Base Spheres are also Magic Talents, so by my reading, Favored Form can indeed work with the base ability.

For Favored Curse, I would say that it has to specifically be a talent that grants a form. Anything that only grants traits probably shouldn't qualify as a "form" talent, even if they're not marked as such.


Pathfinder Companion, Rulebook, Starfinder Adventure Path, Starfinder Roleplaying Game Subscriber

Another question: For the Twisted Transformation Alteration talent, the Seal Eyes, Twist Legs, and Wrench Stomach traits say that the target needs to make a Fortitude save to avoid them, however, a shapeshift already offers a Fortitude save to avoid all traits associated with it; does this mean that targets get two (or more) Fortitude saves to negate the effects, one for the shapeshift carrying those traits and one the traits themselves?


I think they only need to make one Fortitude save in order to resist those negative effects - the fact that they were mentioned in the traits was basically a reminder that, yes, enemies do get a saving throw to resist the power

Requiring someone to make two saves of the same type at the same time against one effect would be extremely unusual. I mean, Reflex Save to reduce damage if you fail a Fort Save? Sure, there's precedent for that. But not two of the same throws.
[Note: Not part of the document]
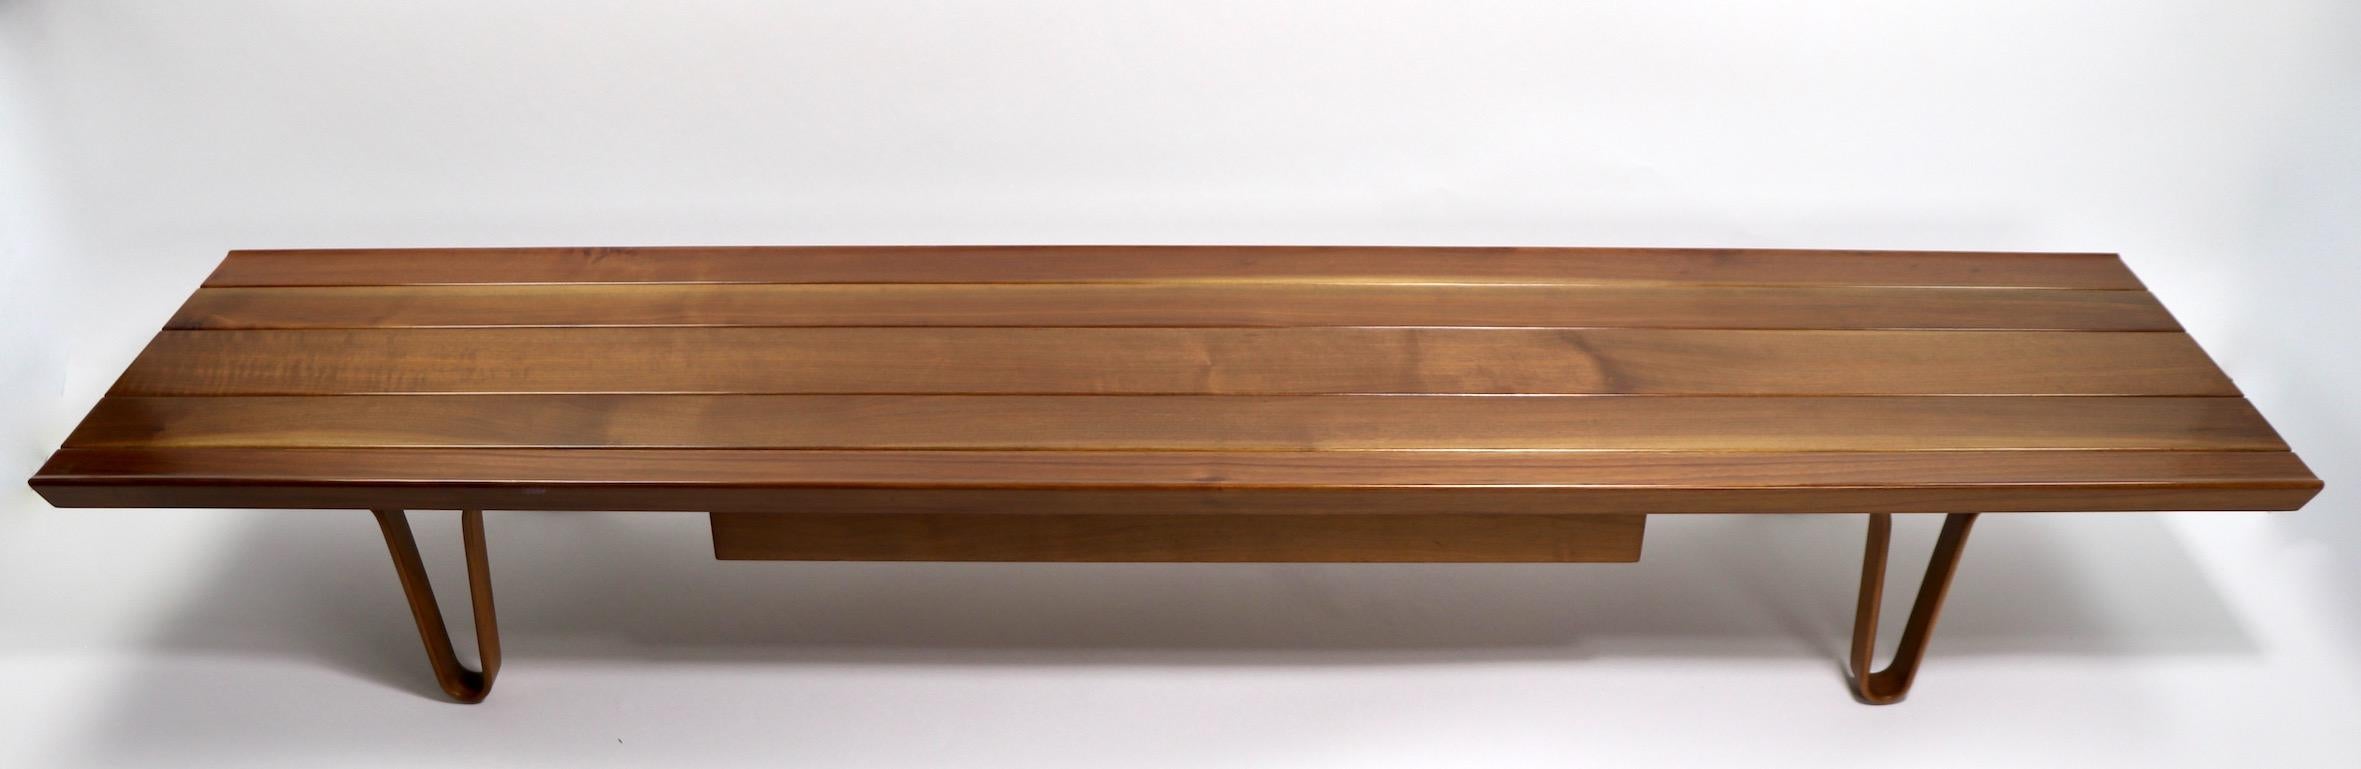 Sehr seltenes Paar Long John-Tische, entworfen von Edward Wormley für Dunbar. Beide wurden professionell aufgearbeitet, jede hat eine Schublade mit dem Classic gold D Dunbar Metallschild. Sie werden einzeln angeboten und bepreist, aber wir würden

Pathfinder Rulebook Subscriber

I'm currently playing an Eberron Changeling, so I have great interest. Is this compatible with non-Shere magic? If 'knd of', is there a conversion guide or similar.


This is an expansion for Spheres of Power, so no, it's not inherently compatible with other types of magic. (Although there's always magic items...)

That said, the system does have archetypes to convert most of Paizo's classes to Spherecasters, so it's not too hard to switch over.


Reviewed first on endzeitgeist.com, then submitted to Nerdtrek and GMS magazine and posted here, on OBS, etc.